In the fynbos, proteas grow in a wide variety of shapes and sizes, their odd-looking blossoms poking up from among the other low-growing plants. Their nectar attracts insects, which in turn provide a buffet that supports birds and other wildlife. The proteas benefit, too—insects, birds, and even small mammals pollinate the plants as they go from flower to flower.

Spectacular Specimens

Two extraordinary cycads, also native to southern Africa, will make their Zoo debut in Africa Rocks. One is a 500-year-old, critically endangered Albany cycad Encephalartos latifrons. The other is a Wood’s cycad E. woodii—a species that’s extinct in the wild, represented today only by individuals at a few botanic gardens. They may look a bit like palm trees, but cycads are actually more closely related to conifers—a fact that becomes more obvious when they produce their cones. Unlike conifers, however, which usually have male and female cones on the same plant, cycads often bear male and female cones on separate plants.

Two unique and rare cycads are prepared for their new home in Africa Rocks.

Although cycads have been around since the age of the dinosaurs, more than half the known species are threatened.
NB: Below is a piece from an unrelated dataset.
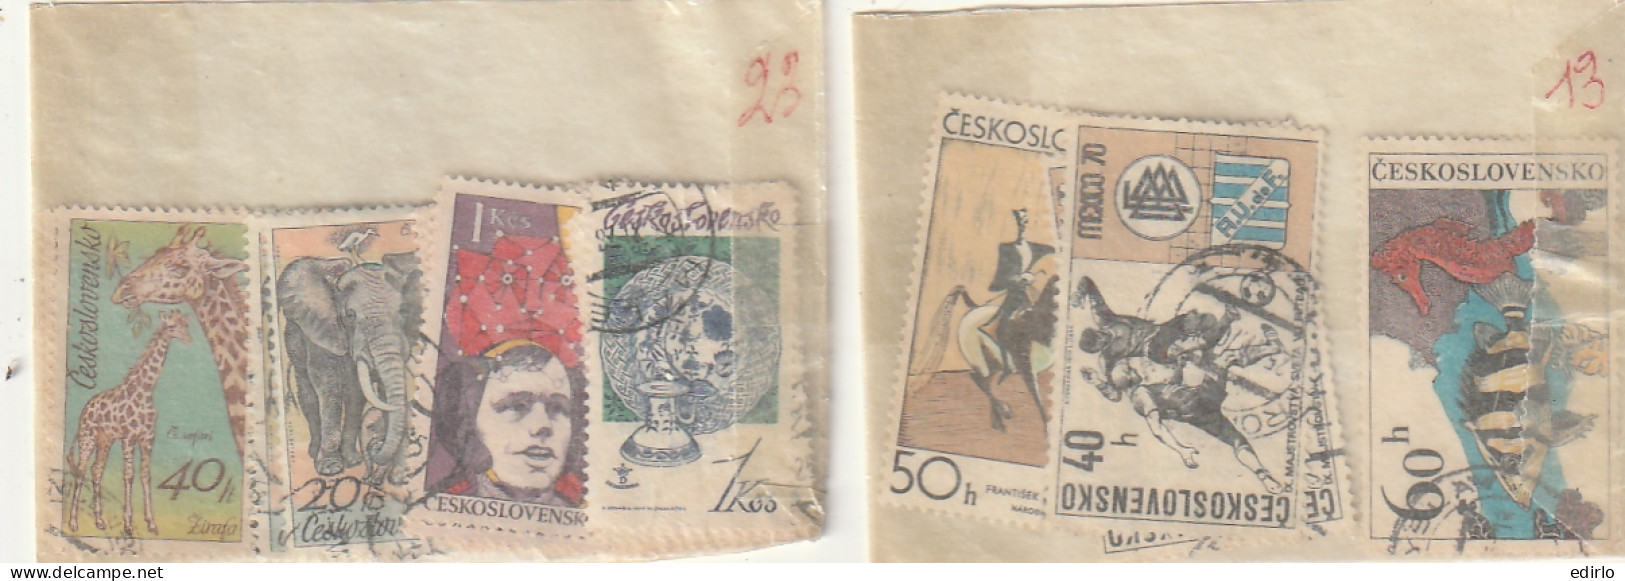 ///   TCHEKOSLOVAQUIE ///  COLLECTION EN POCHETTES (timbres Superposés)  - Pas Trop Regardé Pour Pas De Regrets - Collections, Lots & Series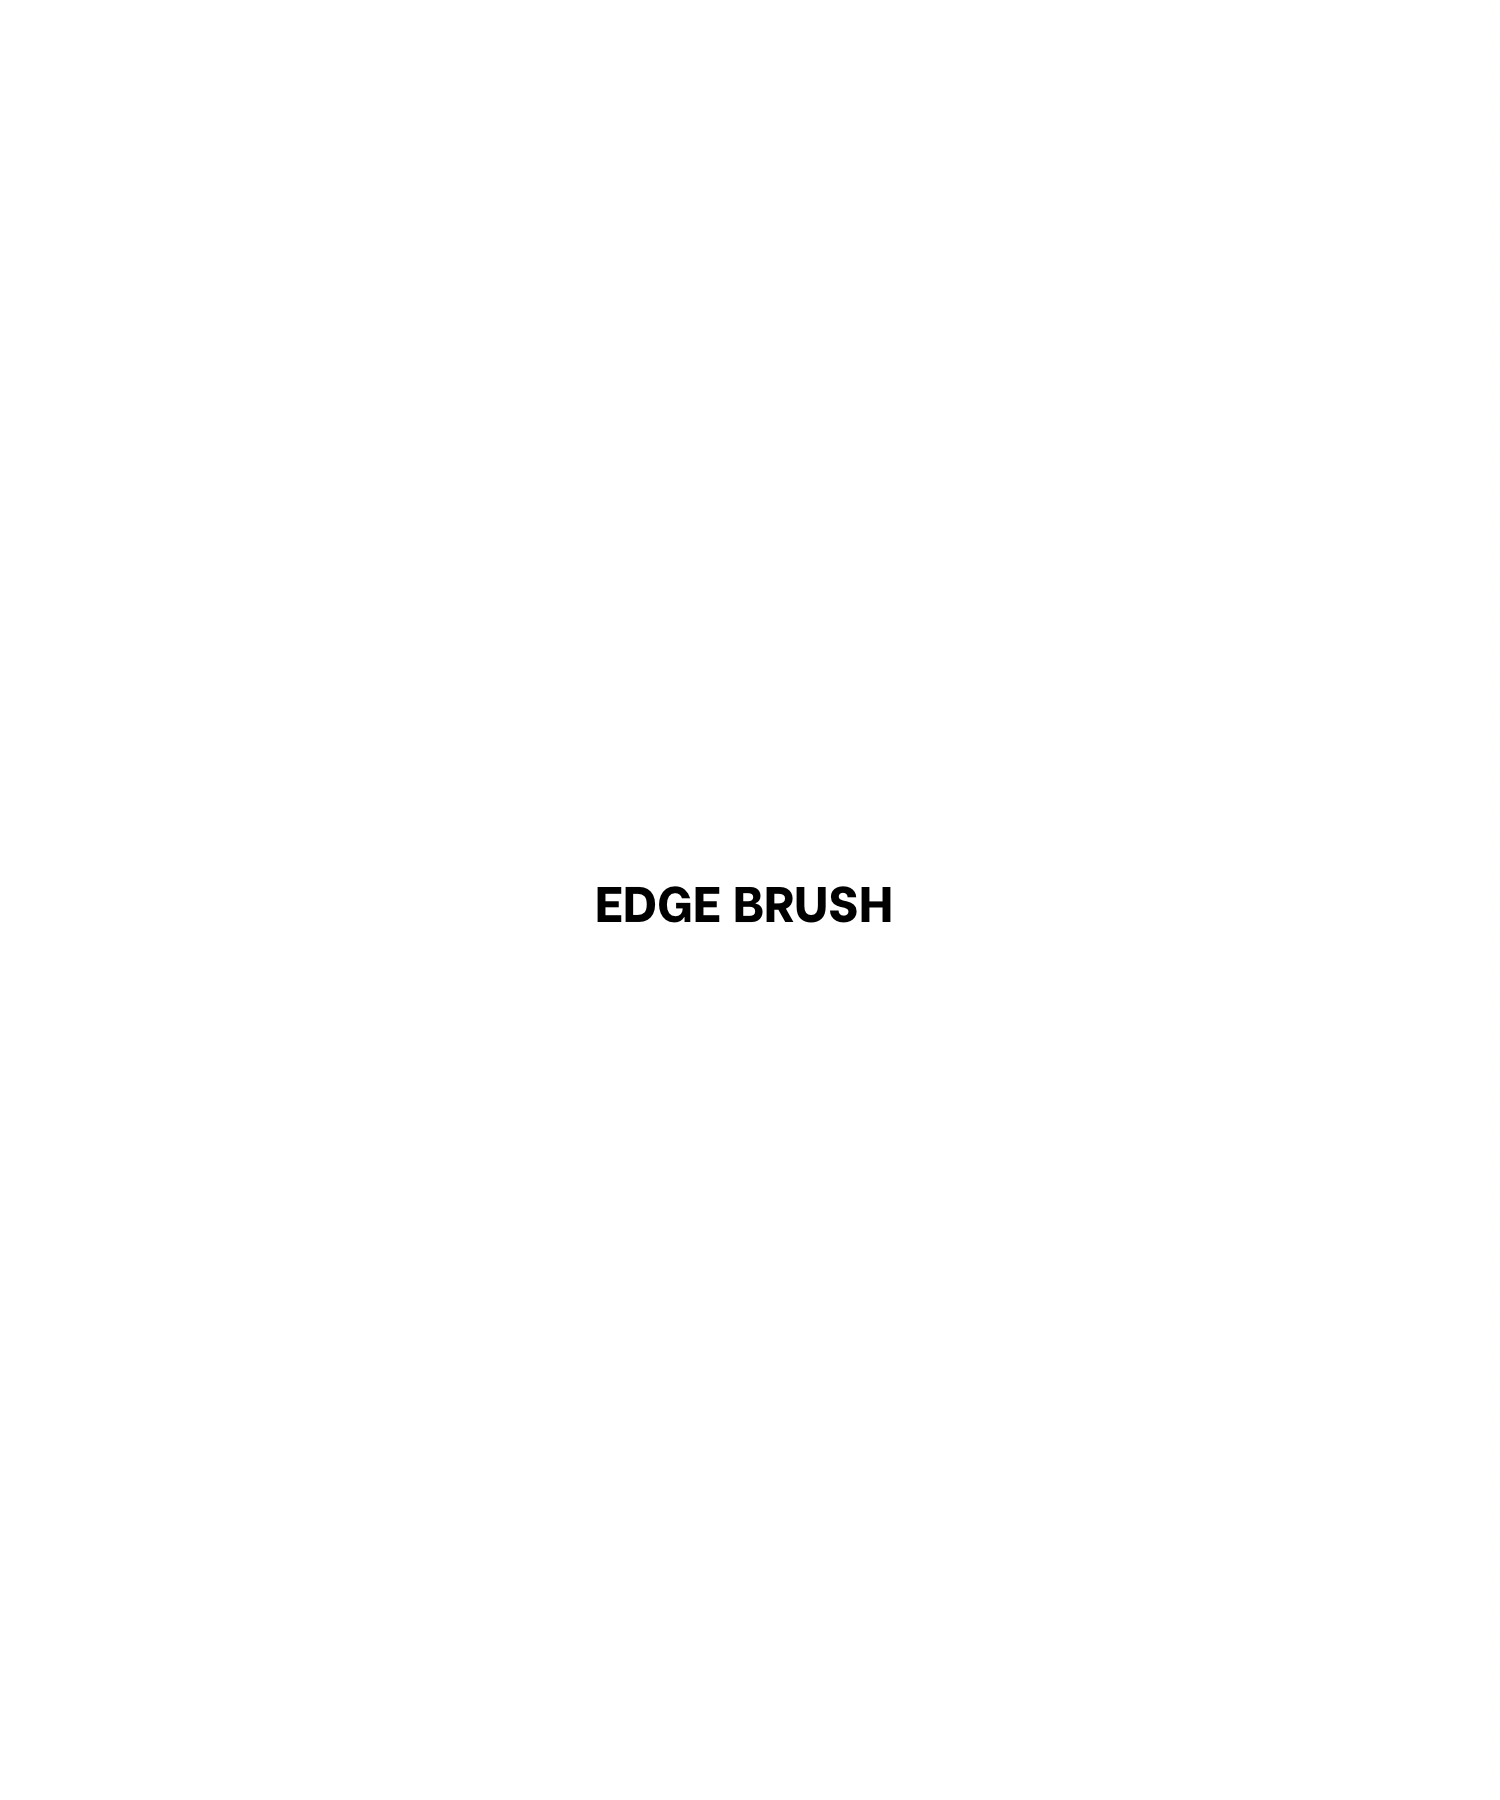 Edge Brush

They serve as a reminder of the importance of protecting biodiversity in Africa and elsewhere. While most of our planet’s habitats are now affected by humans, communities and conservation groups are banding together and looking for sustainable solutions that allow both people and habitats to thrive.

A Breath of Fresh Air

We can thank the state of Nebraska for leading the US in the first Arbor Day celebration in 1872, planting thousands of trees. When President Theodore Roosevelt issued the very first national “Arbor Day Proclamation to the School Children of the United States” 35 years later, we can be pretty sure he wasn’t envisioning cycads or elephant trees. This Arbor Day, take a deep breath—and thank all the plants that produce the oxygen we need. Whether you take a shovel to the earth to plant a tree, or dust off your hand trowel to pot a protea, we salute you!